Let \(G\) be a finite group and let \(h\in H^3(BG;U(1))\). In [Commun. Math. Phys. 129, No. 2, 393–429 (1990; Zbl 0703.58011)], R. Dijkgraaf and E. Witten proposed a 3-dimensional topological quantum field theory (TQFT) in which, associated to each closed oriented 3-manifold \(M\), is its Dijkgraaf-Witten invariant \[ Z(M,h)=\frac{1}{|G|}\cdot\sum\limits_{\phi\in\hom(\pi_1(M),G)}\langle f(\phi)^\ast h,[M]\rangle, \] where \(f(\phi):M\to BG\) is a map whose homotopy class is determined by \(\phi\), and \(\langle-,-\rangle:H^3(M;U(1))\times H_3(M;\mathbb{Z})\to U(1)\) is the pairing. As in general TQFTs, \(Z(M,h)\) can be computed by a “cut-and-glue” process. This was done by H. Chen [J. Geom. Phys. 108, 38–48 (2016; Zbl 1385.57031)] when \(M\) belongs to a class of Seifert 3-manifolds.

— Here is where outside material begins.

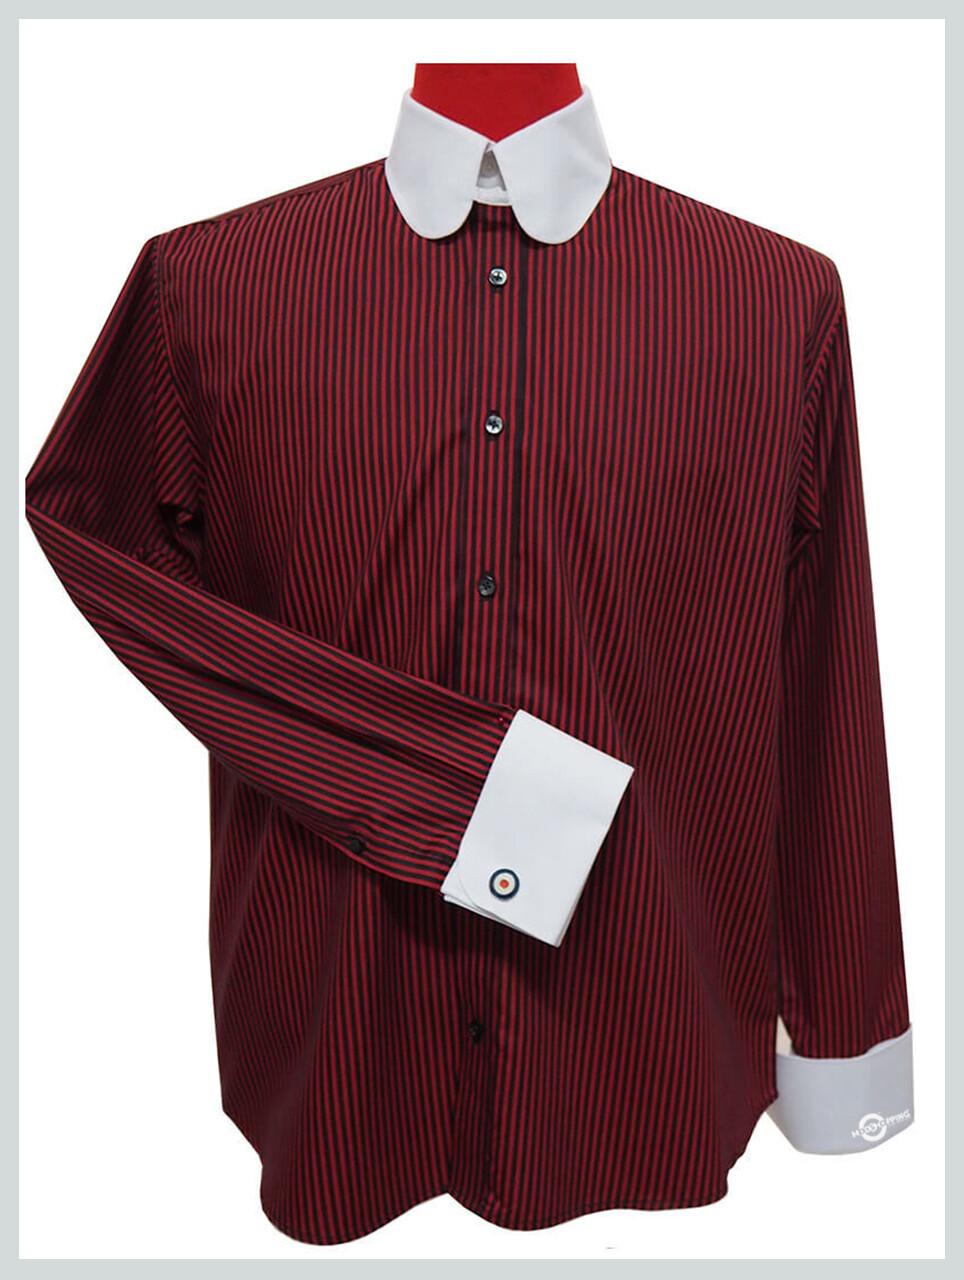 Tab Collar Shirt| Burgundy & Black Stripe Wedding Shirt

On the other hand, after all, the DW invariant is made up of the fundamental group and (co-)homology, thus it is natural to expect relations between the DW invariant and classical invariants; such relations will permit to consider the latter from a quantum topology perspective. For \(G=\mathbb{Z}_2\), [S. V. Matveev and V. G. Turaev, Dokl. Math. 91, No. 1, 9–11 (2015; Zbl 1327.57019); translation from Dokl. Akad. Nauk, Ross. Akad. Nauk 460, No. 1, 15–17 (2015)] expressed the DW invariant in terms of the Arf invariant. Based on this, the present paper gives a simple formula of \(Z(M,h)\) when \(G=\mathbb{Z}_2\) and \(M\) is a Seifert 3-manifold with orientable base, through investigating the geometric structure of \(M\).
It is reasonable to expect more relations of this kind to be revealed.